Sometimes I do feel like I’m cursed. I’ve lost track of the number of times I had reason to believe my ship had come in, only to find myself running off the end of the dock and falling into the frigid sea. At this point, I have zero reasonable expectation of success in my lifetime, and yet, even when I know that failure is imminent, I can’t seem to shake this stupid optimism that tells me, no, this time it will work out. This time you’ll get where you want to be.

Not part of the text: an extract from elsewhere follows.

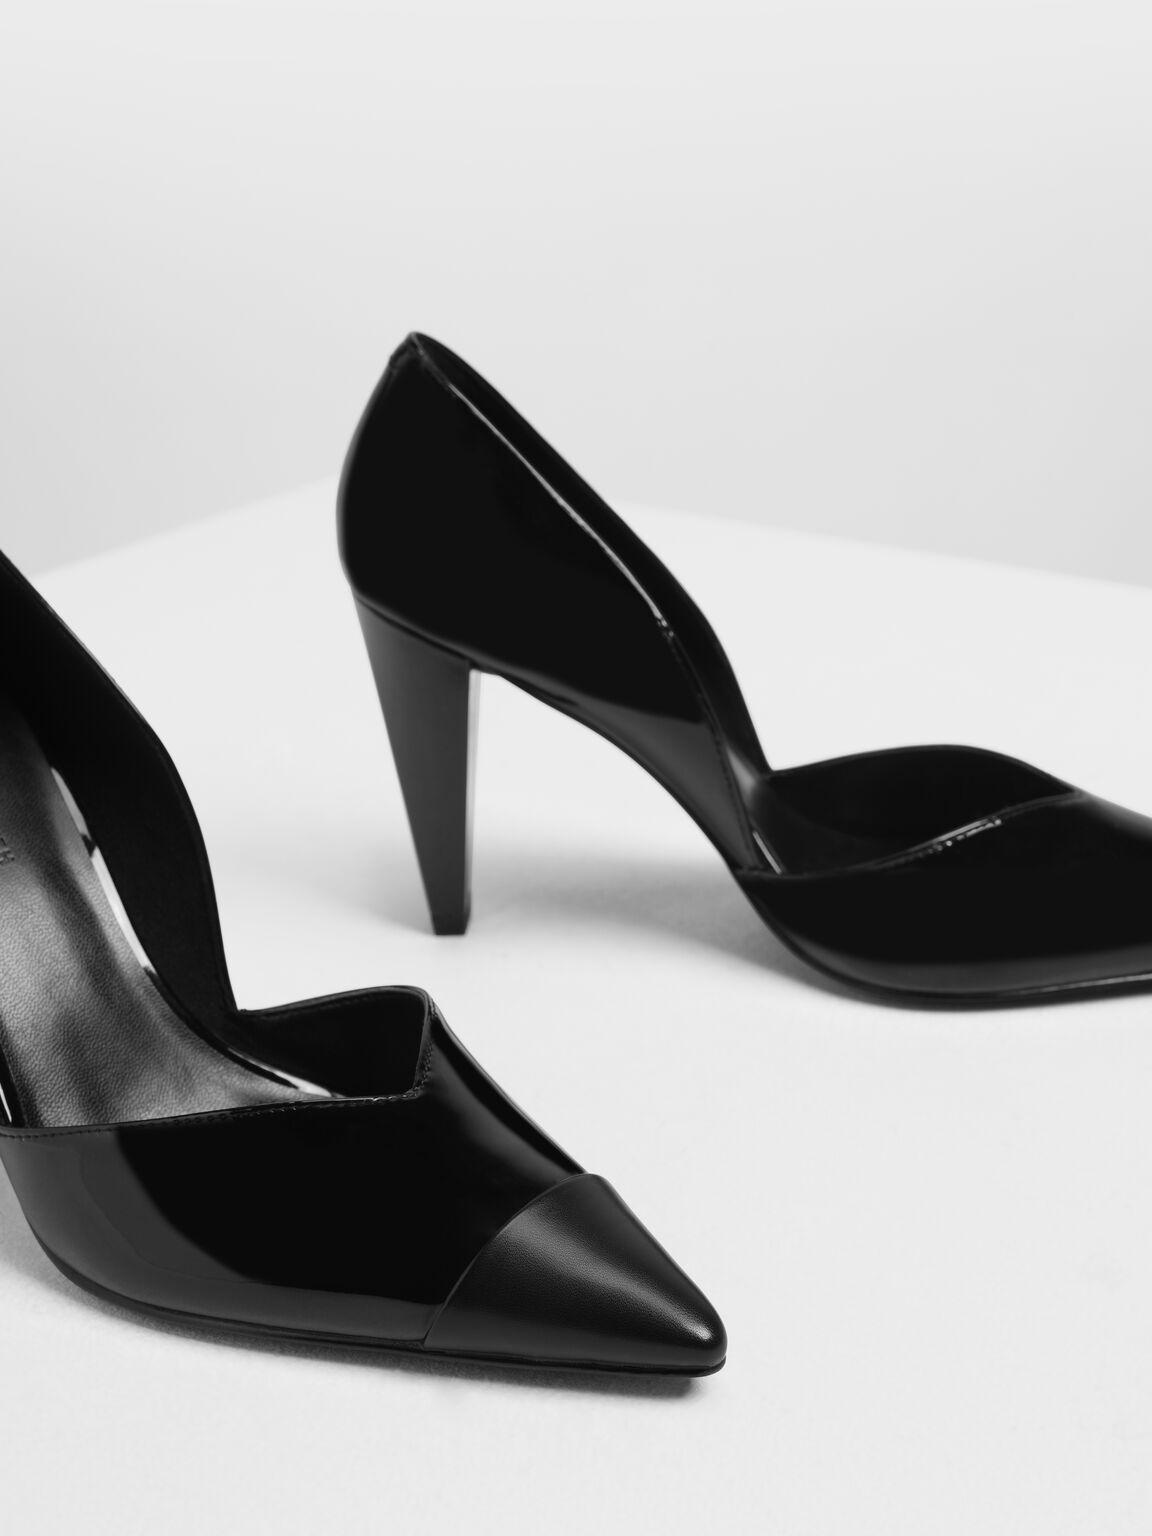 Pointed Toe D'Orsay Pumps, Black, hi-res

I have a lot of respect for people who manage to work as therapist 40 hours week (maybe not for Freudian analysts, although you have to hand it to people who manage to hold onto a perspective that’s long been discredited) because it’s really emotionally draining work, listening to people whine day in and day out, most often about the same thing, week after week, with no intention of actually changing their circumstances. For a while, I thought I would be happy doing that job, but 2 internships and a practicum in mental health convinced me otherwise. Now I just give advice for free. People seem to think I’m good at it. Even strangers on the internet thank me for my insight, and if you’ve been on the internet, you know what a big deal that is.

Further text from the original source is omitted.